◆ TASK DESCRIPTION: Output all the data exactly. Pictures do not belong in the copy.

◆ DATA:
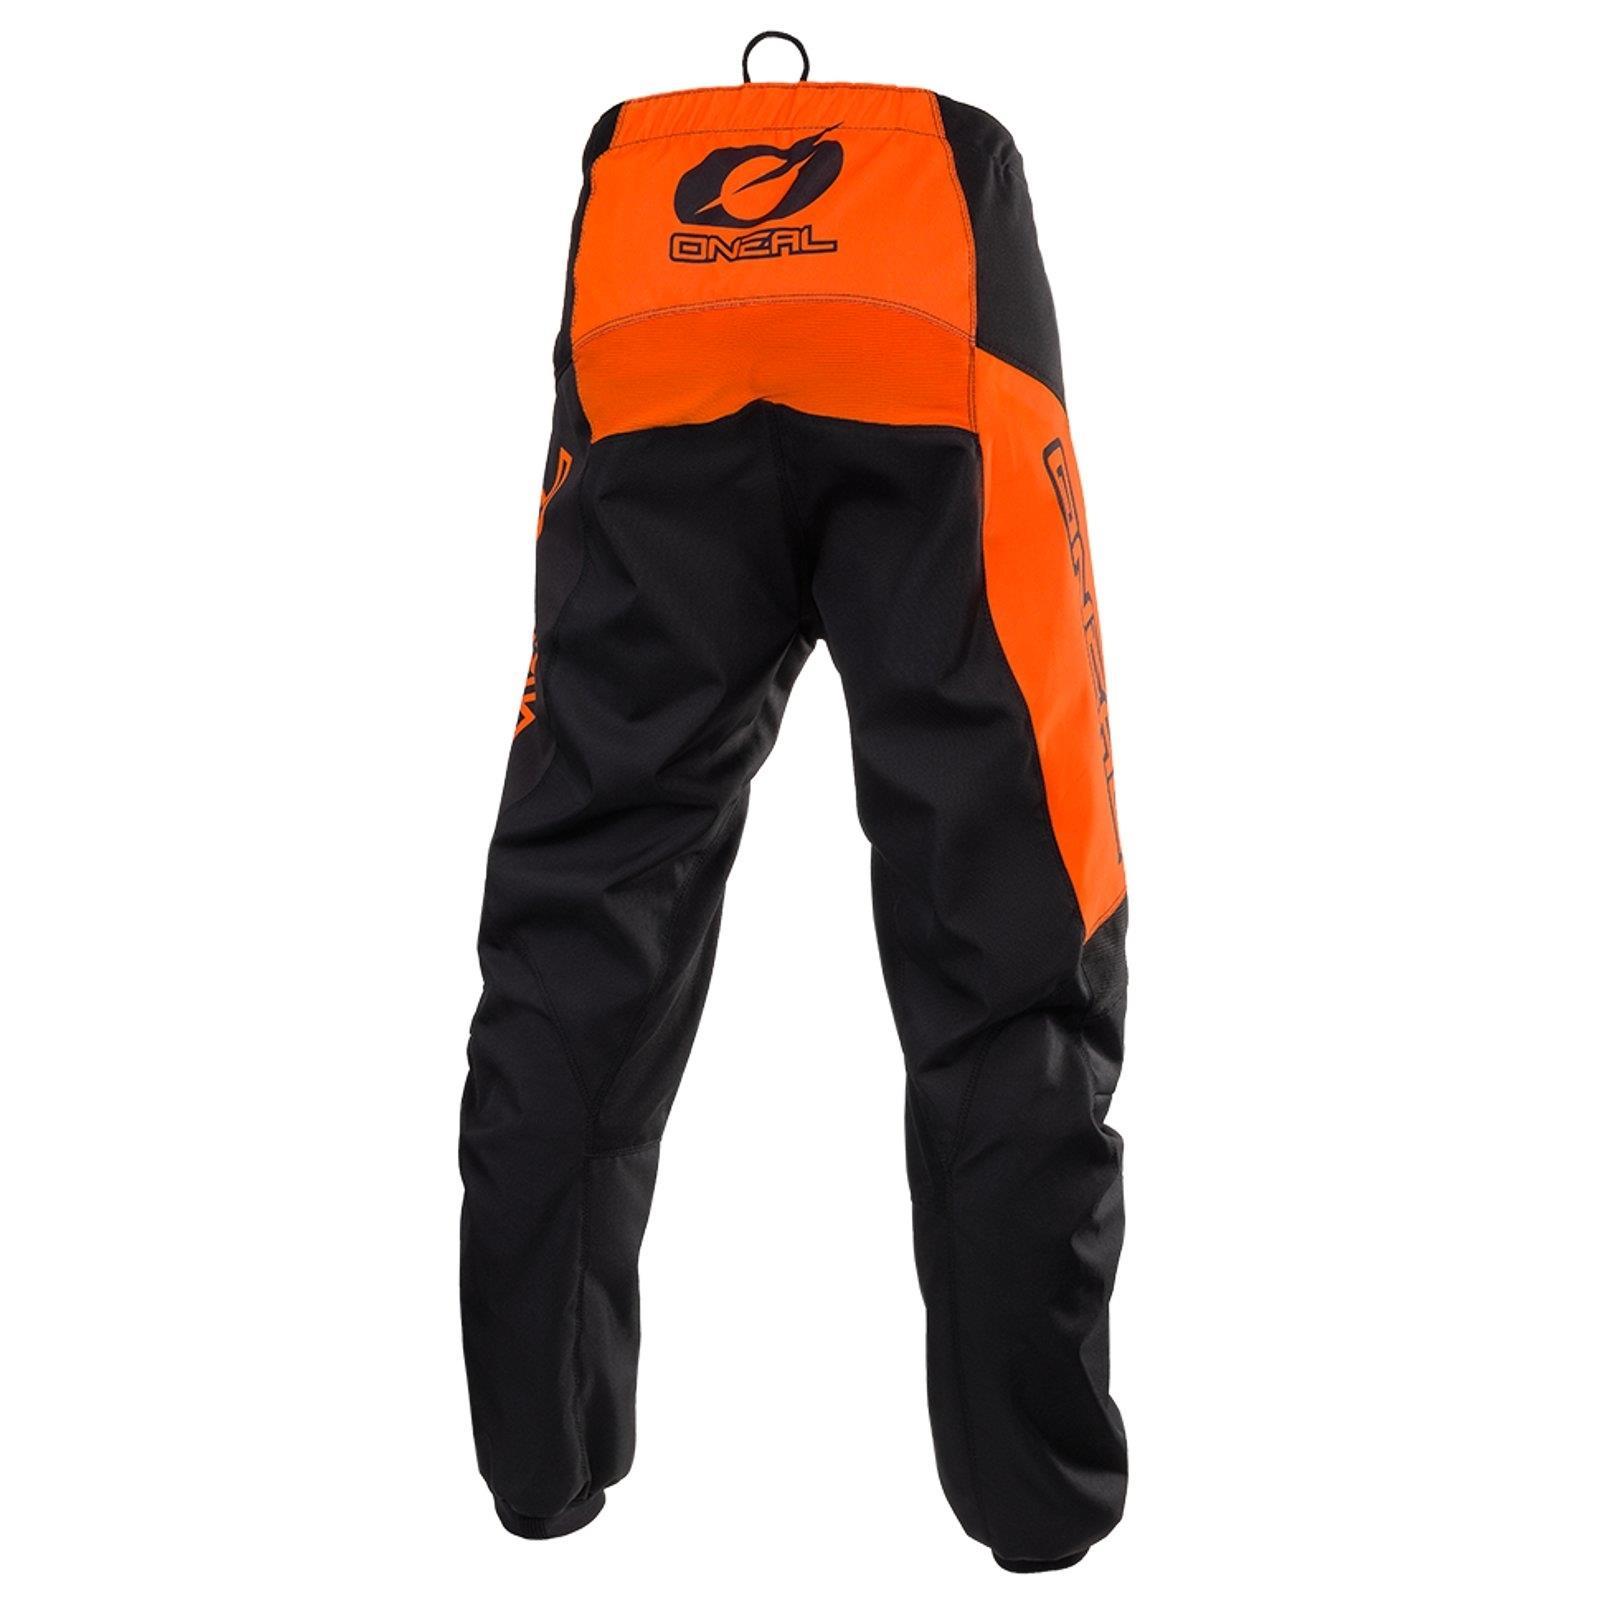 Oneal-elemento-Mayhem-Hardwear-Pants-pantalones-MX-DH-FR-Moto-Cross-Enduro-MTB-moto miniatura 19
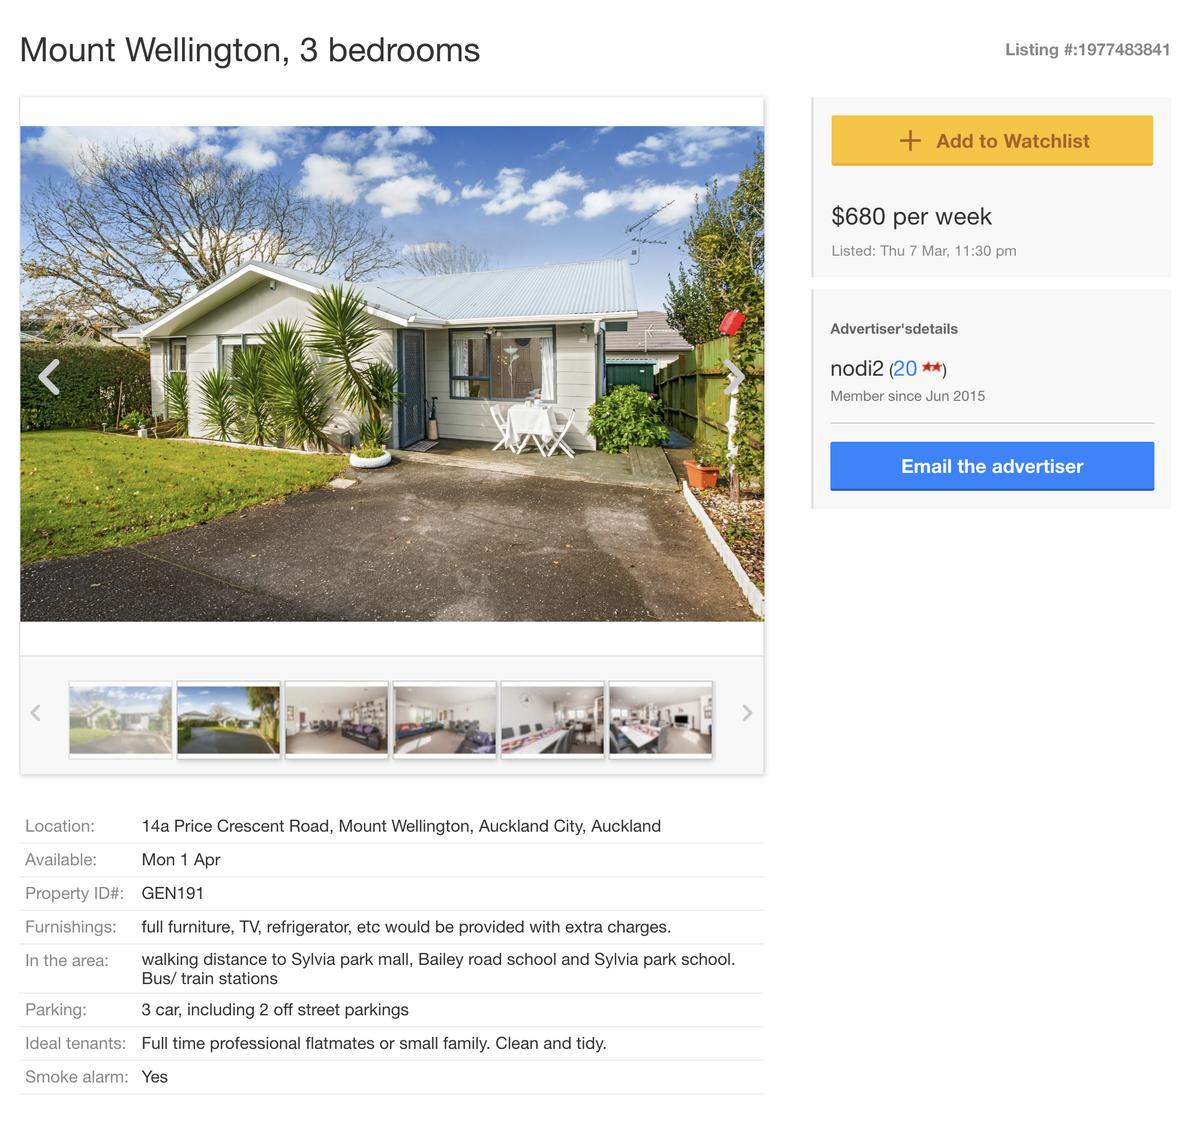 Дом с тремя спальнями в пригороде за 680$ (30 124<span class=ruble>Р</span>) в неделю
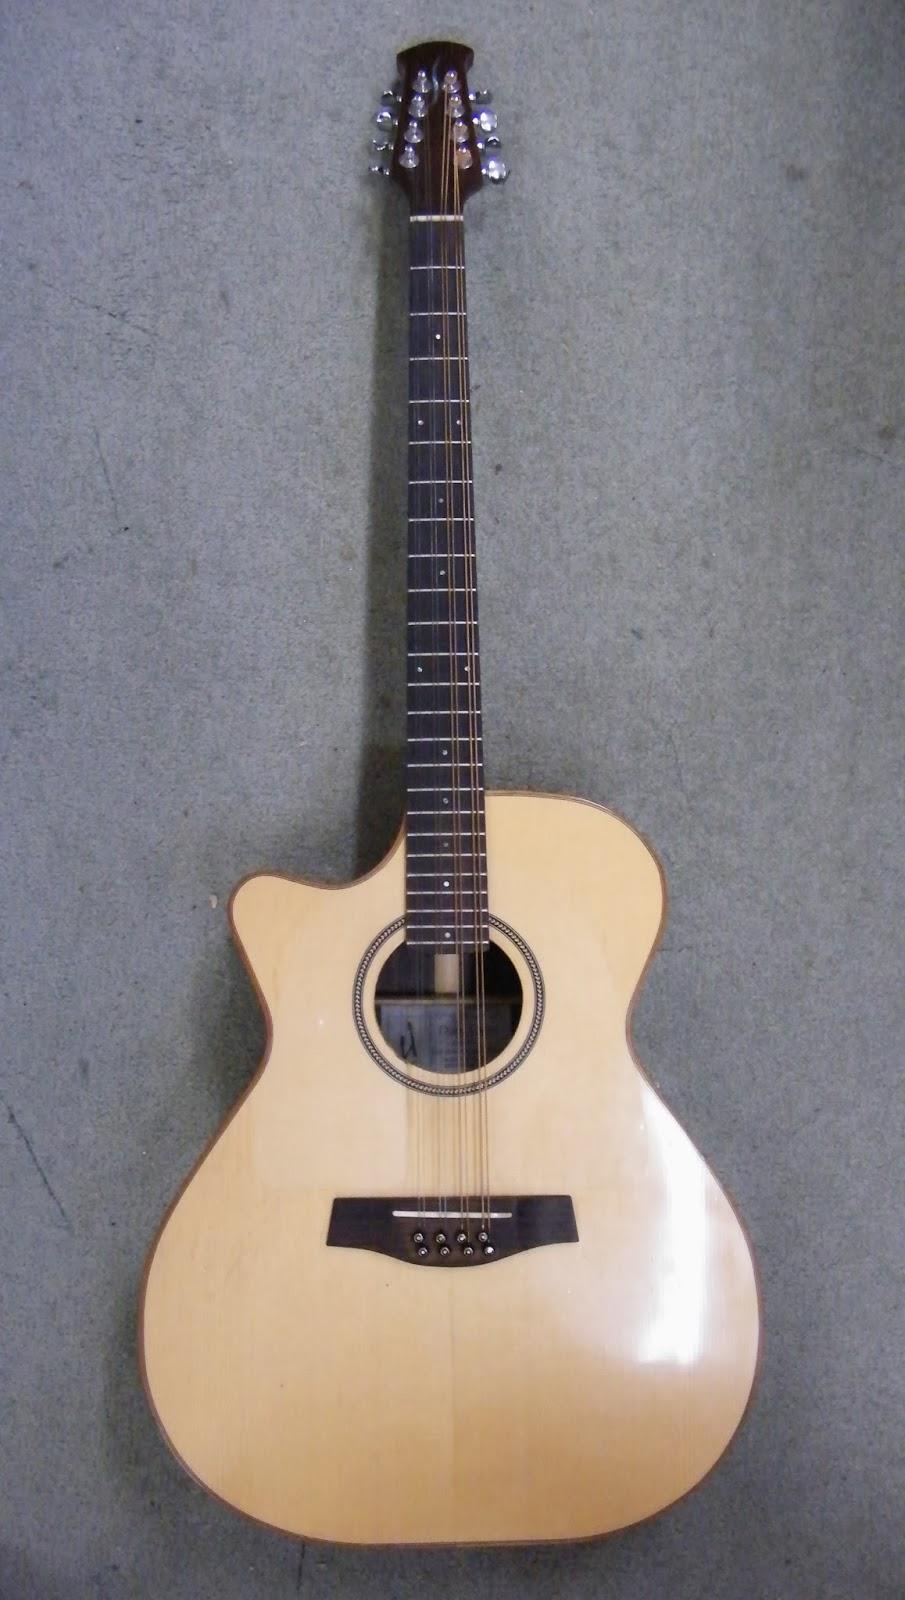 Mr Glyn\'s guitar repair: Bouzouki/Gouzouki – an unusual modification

◆ ANSWER TO THIS PROBLEM:
 Oneal-elemento-Mayhem-Hardwear-Pants-pantalones-MX-DH-FR-Moto-Cross-Enduro-MTB-moto miniatura 19
 Дом с тремя спальнями в пригороде за 680$ (30 124<span class=ruble>Р</span>) в неделю
 Mr Glyn\'s guitar repair: Bouzouki/Gouzouki – an unusual modification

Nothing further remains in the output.